LL12 · 10/09/2014 16:07

I think taking your parents out for a meal after the wedding would be more than enough.
My parents would be a bit peeved if after spending out for my wedding I spent quite a large sum of money sending them off for the weekend, especially if they knew that money was tight.

MaryWestmacott · 10/09/2014 16:10

NotYouNaanBread - to be fair, in our family, it's been a tradition to give something to the mums and dads (usually flowers for the mums, a bottle of something for the dads) at weddings as a 'thank you' for all the weddings I've been to (i'm mid30s).

I got married 7 years ago in the middle of a 2 year period when lots of my friends/DH's friends got married and at the bulk of the weddings the B&G gave gifts during the groom's speech.

nilbyname · 10/09/2014 16:12

creampie and nannyogg have it

Why are you spending £££ on weekends away when they are giving you £££ for the wedding??

That's baffling and as a parent I would be annoyed that's where some of my money had been spent.

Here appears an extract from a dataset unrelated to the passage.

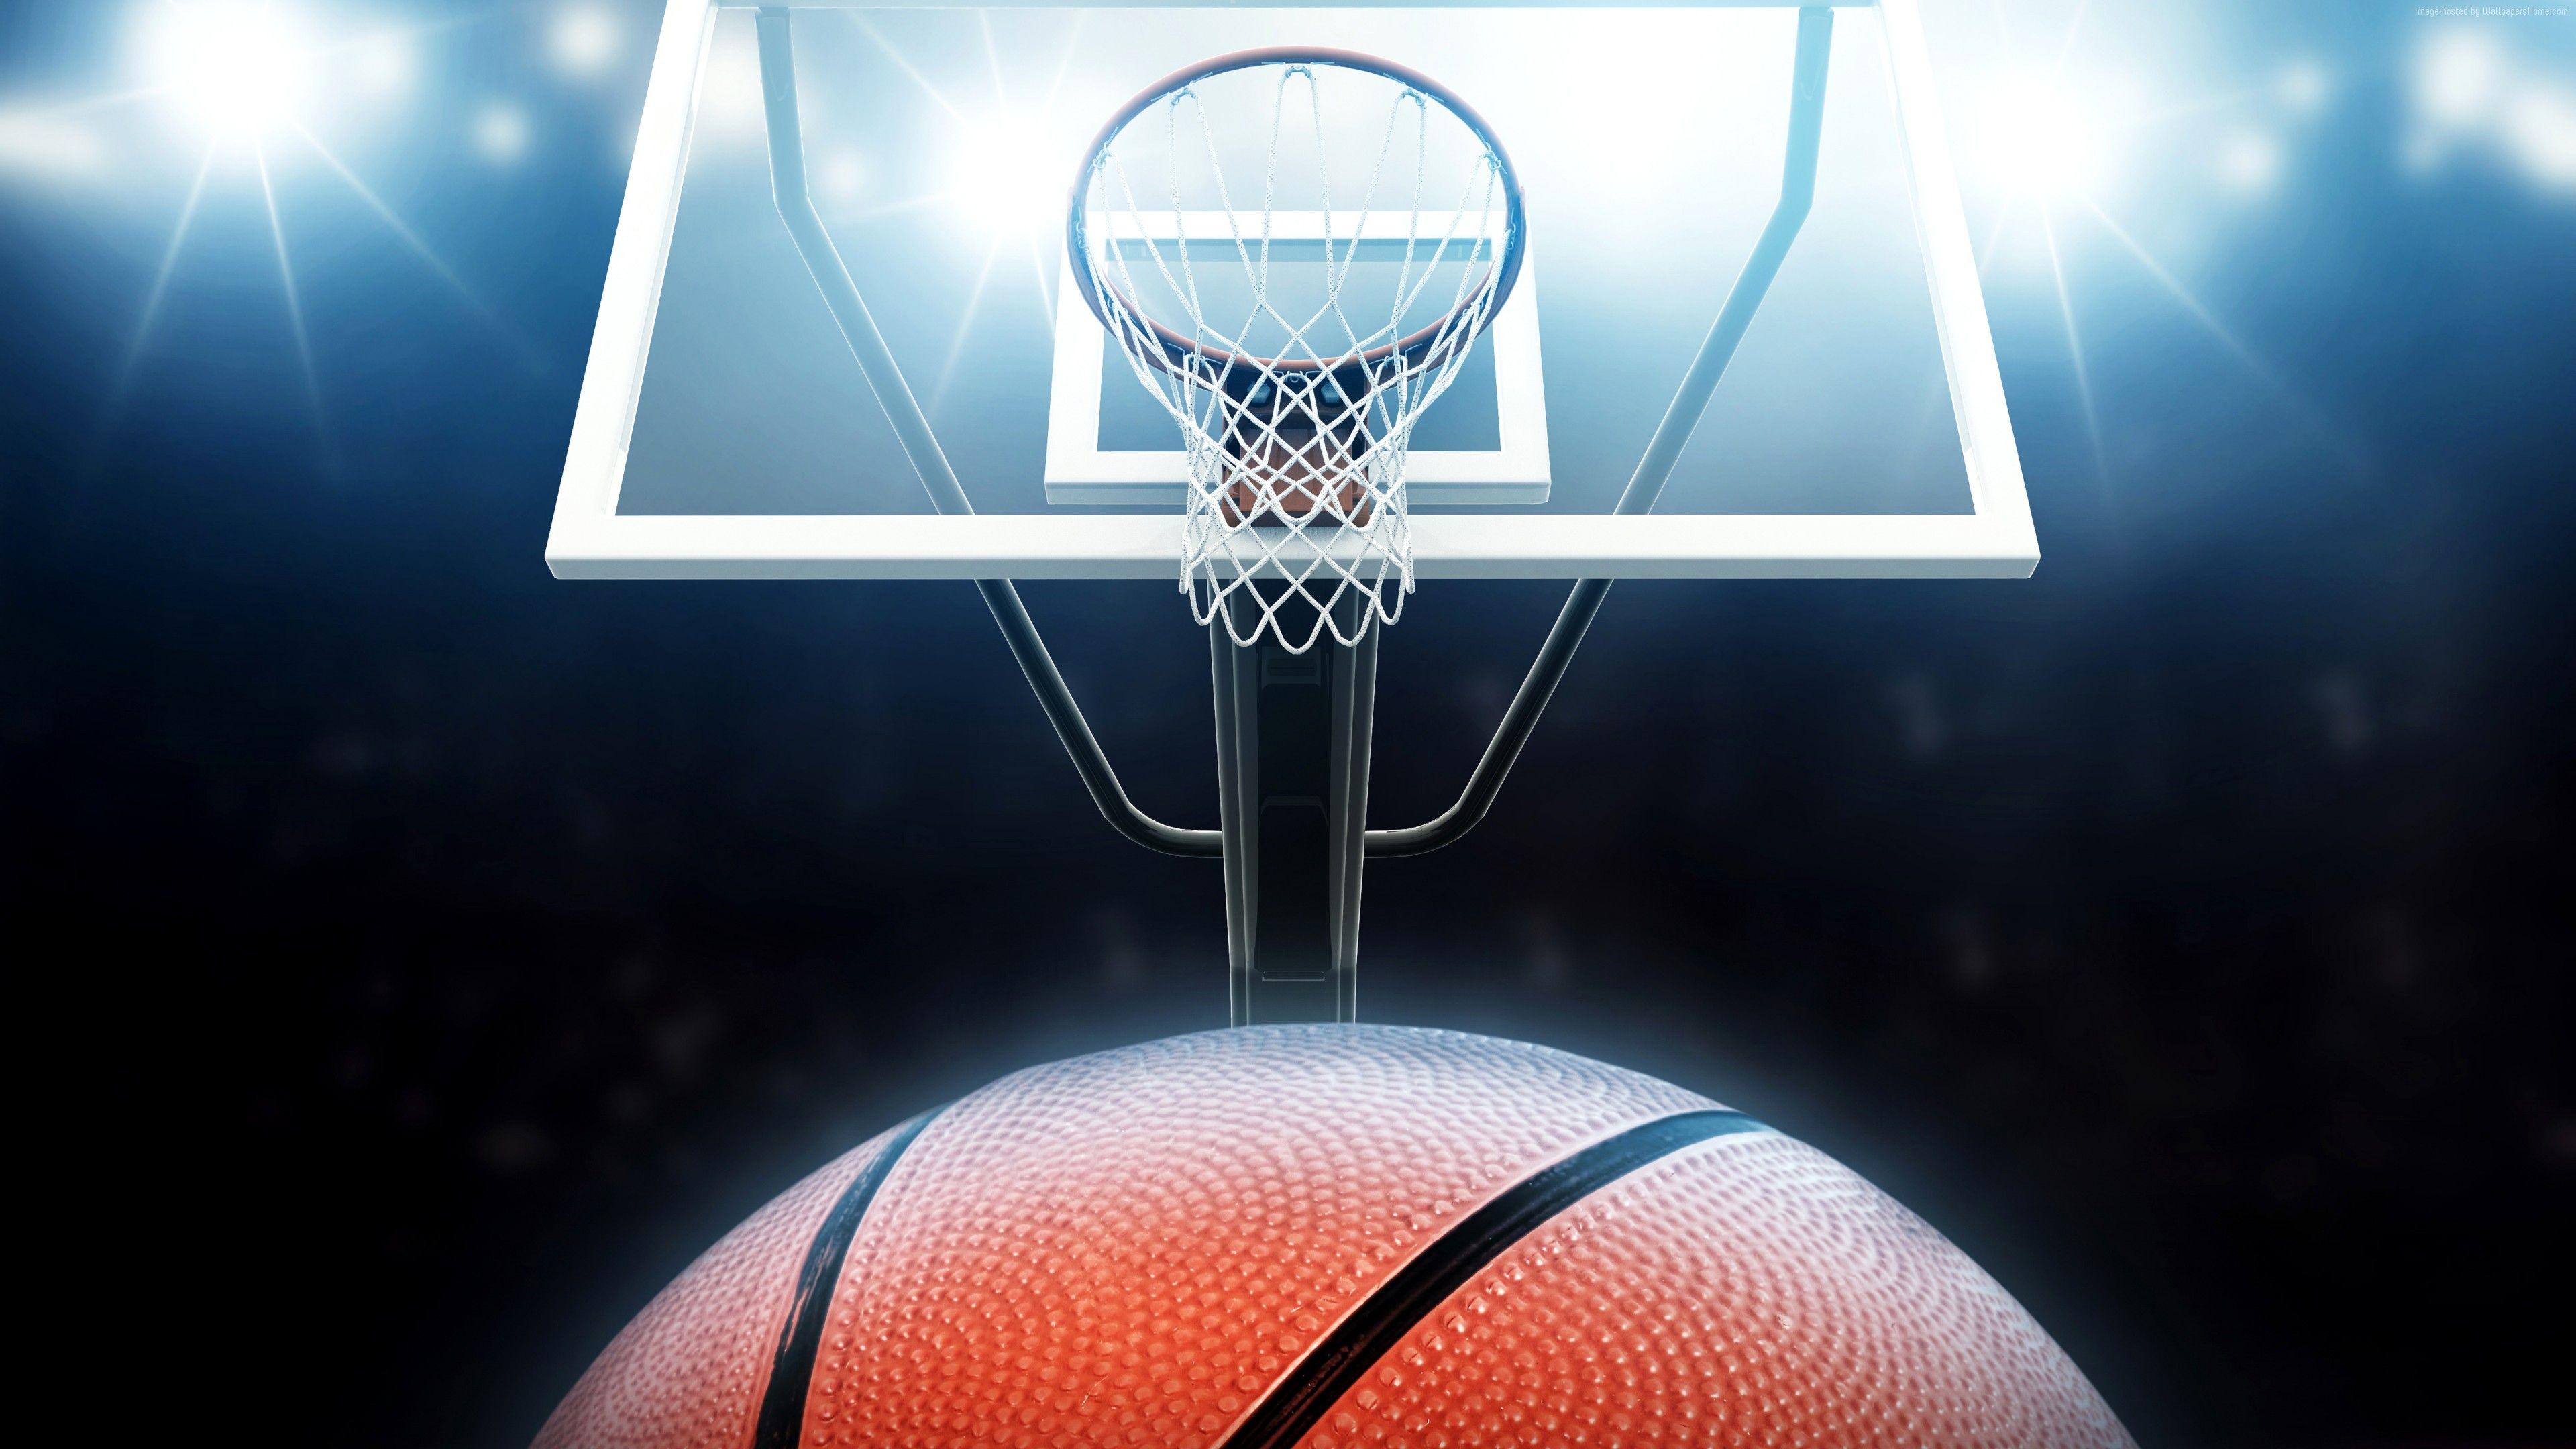 4K Basketball Wallpapers   Top 4K Basketball Backgrounds 3840x2160

Flowers, perhaps a nice meal round at yours. Plenty plenty.

russiandwarf · 10/09/2014 17:55

I like what kaymondo said about gving them vouchers and not disclosing the amounts if you really can't back out of it. If you can then just tell DP that you have changed your mind due to costs. You could always gift your parents a trip at a later date and tell them it's a secret thank you you didn't want PIL to know about!

My parents helped enormously with planning and financial contribution for our wedding but PIL did not (aside from trying to get me to organise MIL hair as well last minute when I was very stressed out! - I told them the additional costs and they decided to make their own arrangments!)
We gave flowers/small gifts out during the speeches and I bought my Mum a fancy necklace she wore to the wedding and a gift for my Dad and just didn't discuss these with DH as they were my own special thank yous. He did almost nothing re wedding planning either so I didn't feel bad!

MissPenelopeLumawoo · 10/09/2014 20:16

I know you are upset by the difference between the parents, but traditionally it was the brides family who paid/did the work, it could be your PIL just don't think it's their 'job' and that all they do need to do is get their outfits and turn up

Just like my ILs. When I asked them to do one thing they said no as they just wanted to enjoy the wedding. That's why my Mum got flowers and they didn't!

fragolino · 10/09/2014 20:25

Of course your PILS shouldnt get sent away your sending your DP away as a thank you for helping with your wedding!